Pro-tip: Consistent communication with your team and your customers is the ultimate customer win-back strategy.

Examples of win-back strategies

The majority of customer win-back campaigns use email. Push and SMS or text notifications are also popular, but these can be a little more intrusive and might annoy customers who are already flight risks.

Because of that, email tends to be the more commonly used channel—it’s also easy to personalize and lets you speak directly to your customer without being too annoying.

Let's look a few examples of email customer win-back campaigns.

Grammarly’s win-back strategy

Grammarly created a campaign targeting lapsed customers—a perfect example of being proactive and trying to win back customers well before they leave. Their criteria or target group were people who had downloaded the Grammarly extension but hadn’t used it in a while:

Why this works:

The Grammarly email is personalized and targeted towards their behavior. It provides the “incentive” of The Wrinkle In Time Badge, a fun nod to their playful brand. It also has a clear, bright call to action that leaves no room for confusion on what the next step should be.
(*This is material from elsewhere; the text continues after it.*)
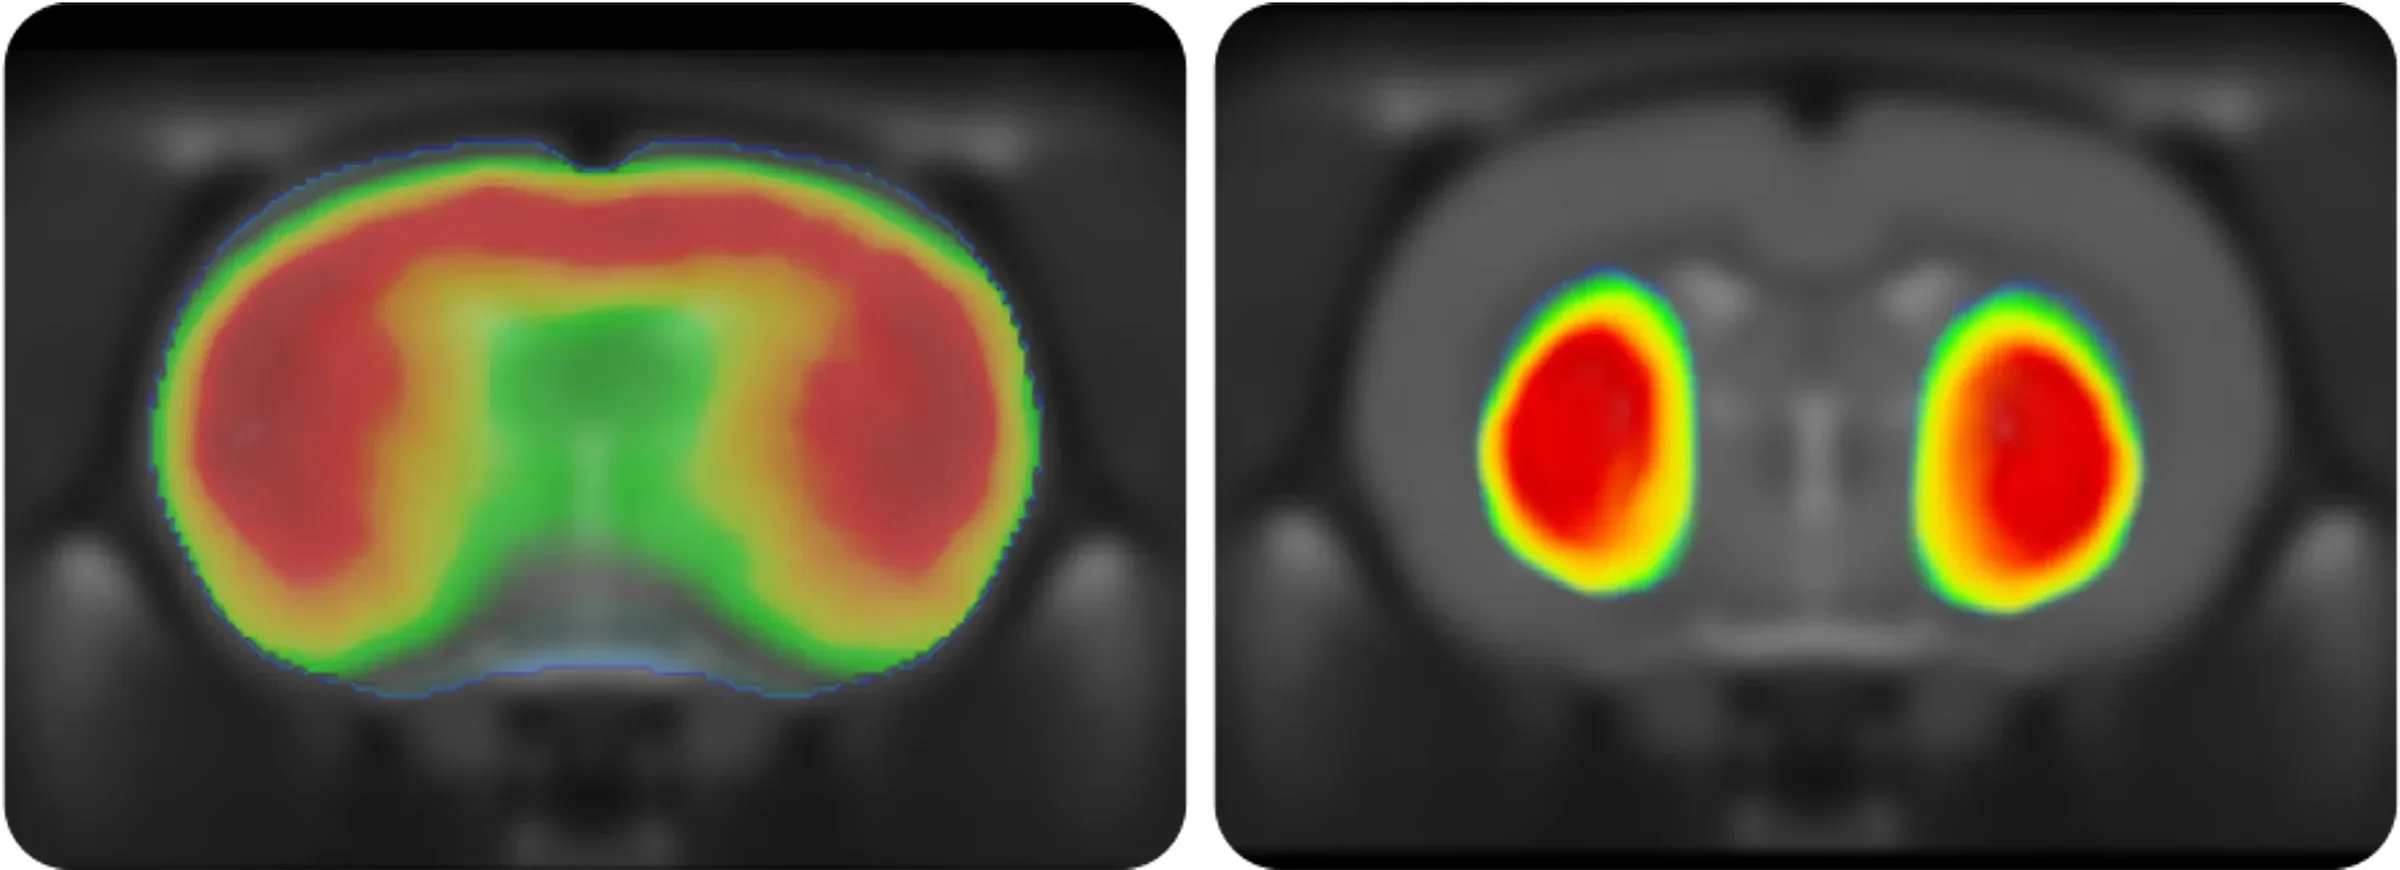 Deux petits panneaux carrés représentant chacun ce qui semble être une tomographie par émission de positrons (TEP), un type d'examen d'imagerie qui aide à révéler le fonctionnement des tissus et des organes.

Polyvore’s win-back strategy

You could also be like Polyvore and address the problem directly:

Why it works:

This email is a stellar example of addressing a customer pain point. In this case, Polyvore's hypothesis was that customers weren’t engaging because of a shopping budget (or rather, a lack of it). So, instead of advertising a new product, they created a “conversation” that offered an alternative solution, promoting their sale instead.

It’s tailored directly to their audience and addresses the potential reason why they left in a creative, conversational way.

Skillshare’s win-back strategy

This is a more traditional example that could be used for B2B or B2C:

Why it works:

This is a more traditional example that could be used for both B2B and B2C. It highlights the benefits and value of Skillshare Premium to entice users back. It works because the language directly addresses their absence (“Ready to get back to learning…”) and gives them an incentive (a discount) to sign back up.

Start winning customers back before they even think of leaving.

Customer success, customer win-back, retention — whatever you want to call it, the basic premise is the same. There is no trick, campaign, or fancy wording that can “win back” customers if they’re truly unhappy with your service.

Every phase of the customer journey, from first contact to onboarding and ongoing support, should be designed with a long-term view in mind. That's how you'll win them back continuously, before they ever consider leaving.

Focus on making your customers happy.